*** Opening DATA BELOW ***
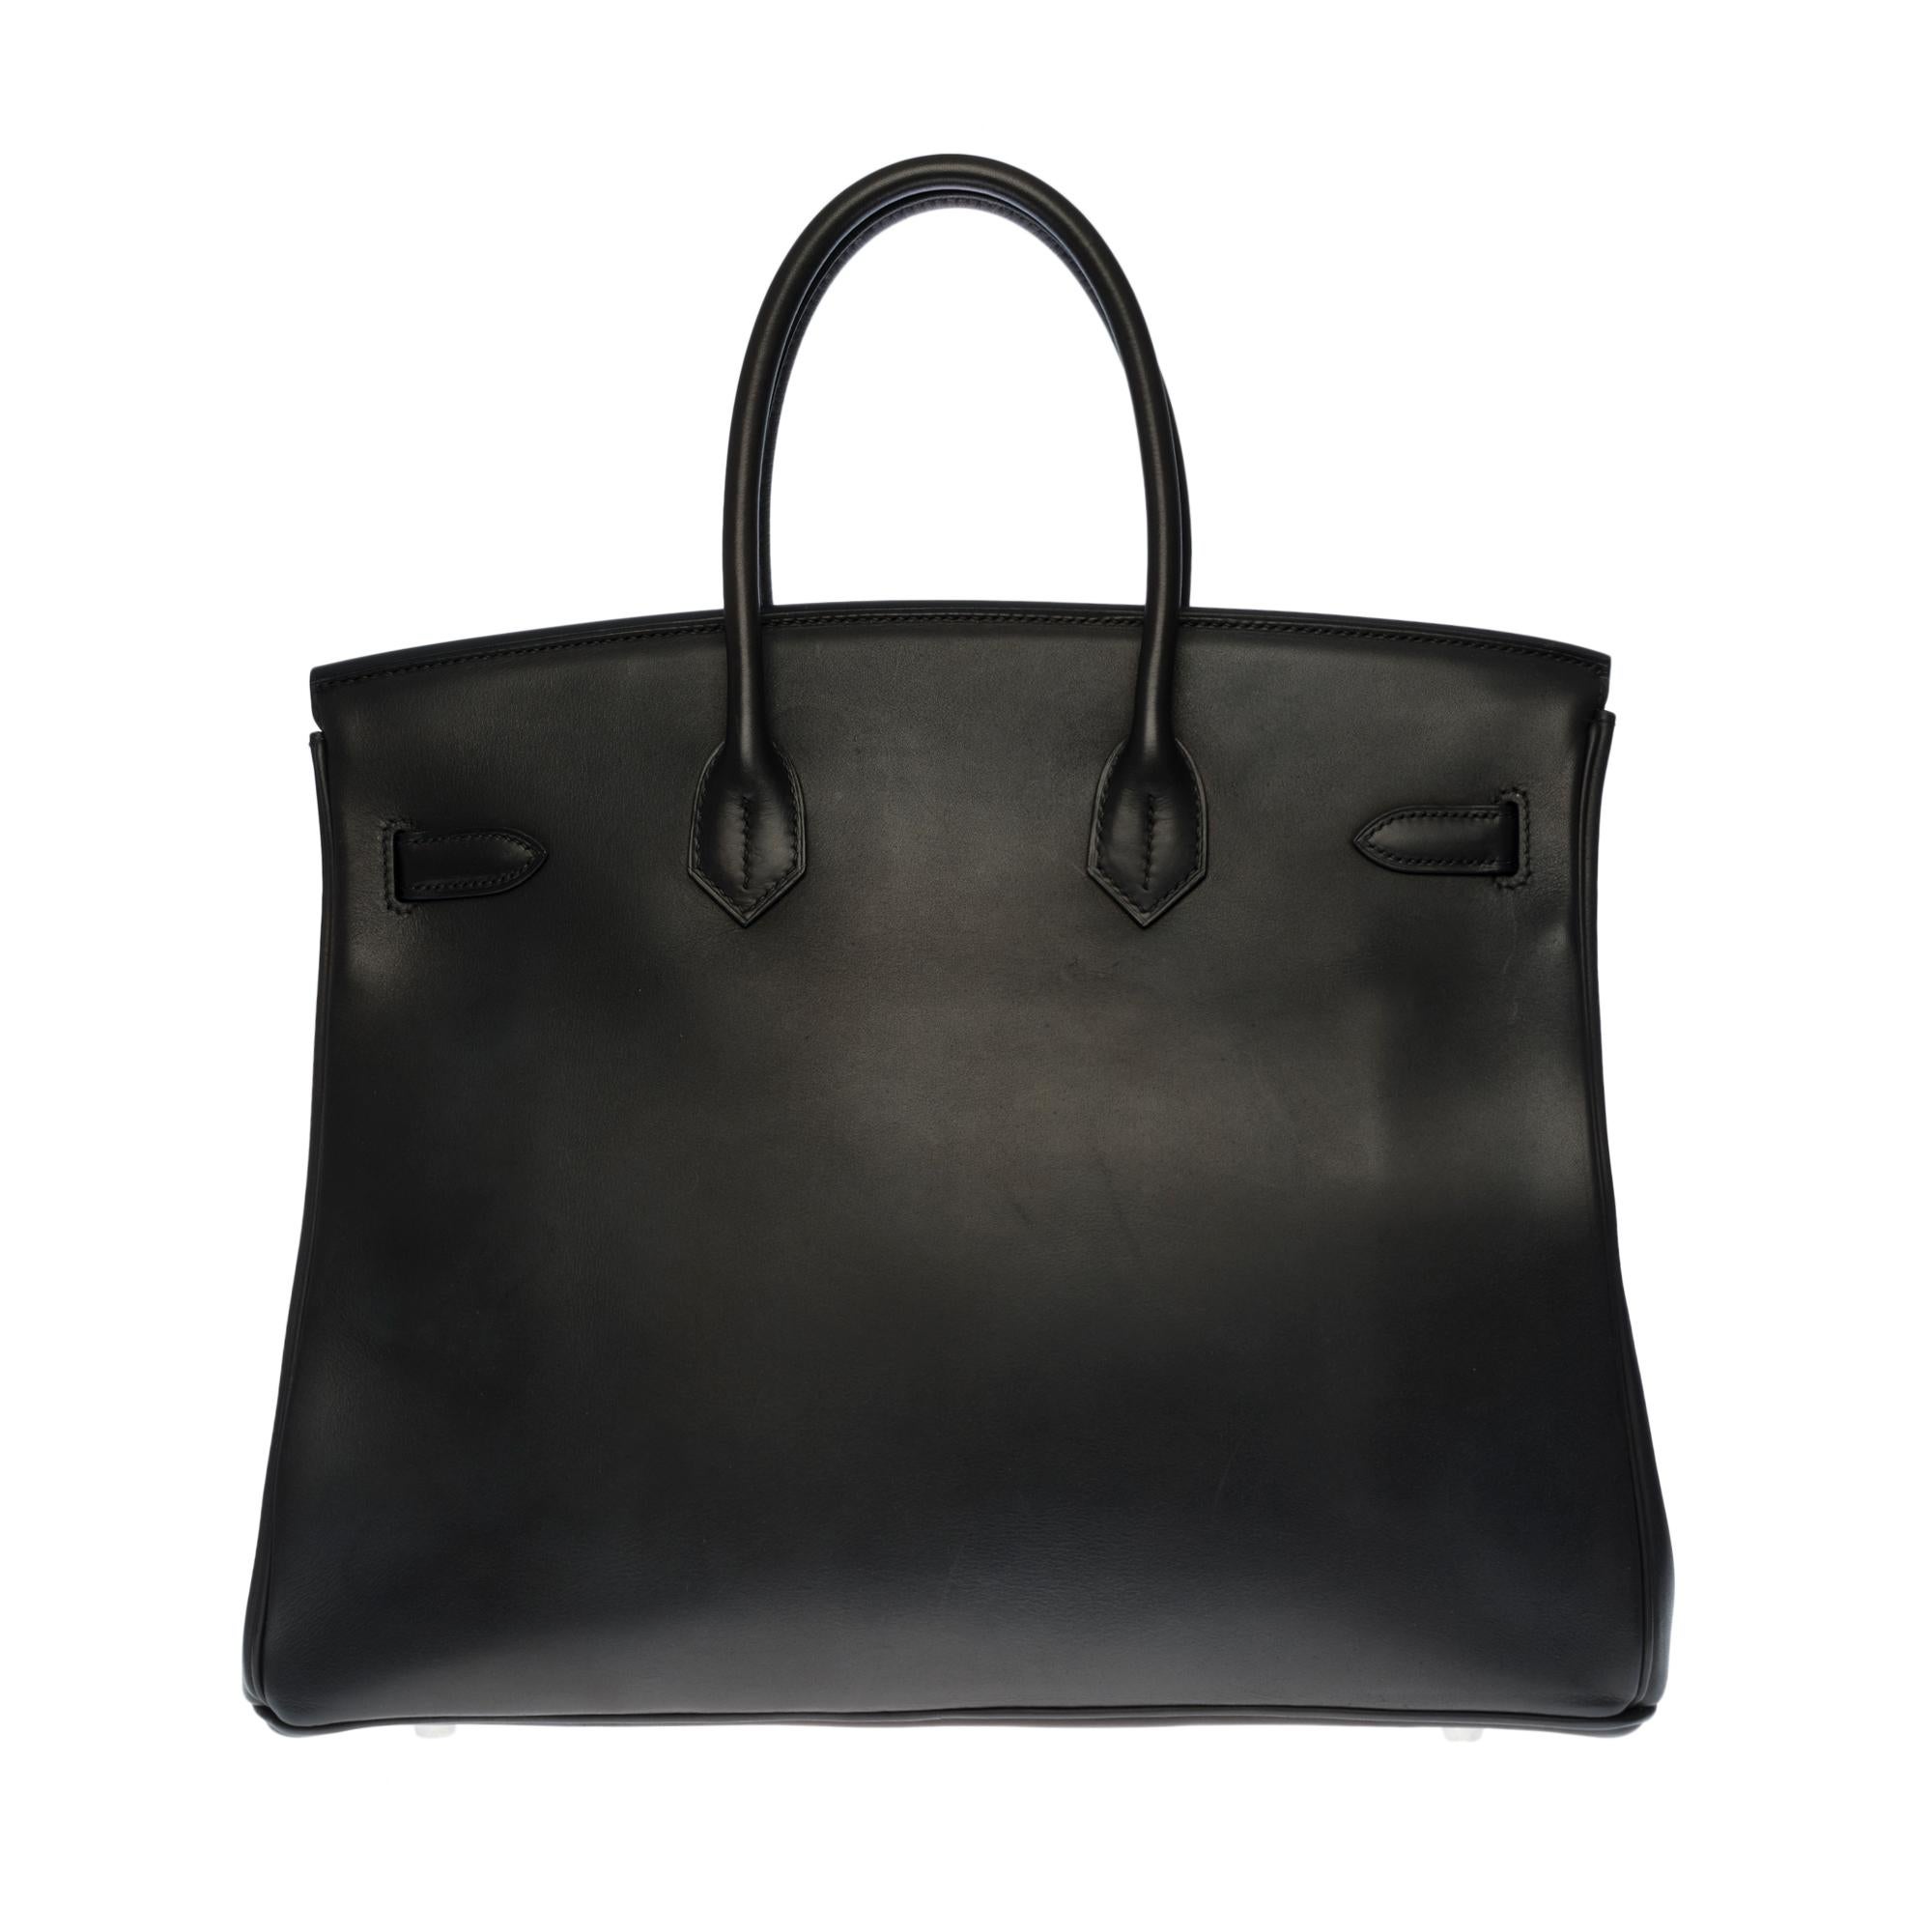 Rare & Exceptional Hermes Birkin 35 cm handbag in Barenia Black leather, palladium silver metal hardware, double handle in black leather allowing a handstand
Flap closure
Black leather lining, one zip pocket, one patch pocket
Signature:
*** Closing DATA BELOW ***
# WHAT NEEDS TO BE DONE:
What's needed is every line above, retyped exactly and free of pictures.

# ANSWER TO THE EXERCISE:
 Rare & Exceptional Hermes Birkin 35 cm handbag in Barenia Black leather, palladium silver metal hardware, double handle in black leather allowing a handstand
Flap closure
Black leather lining, one zip pocket, one patch pocket
Signature:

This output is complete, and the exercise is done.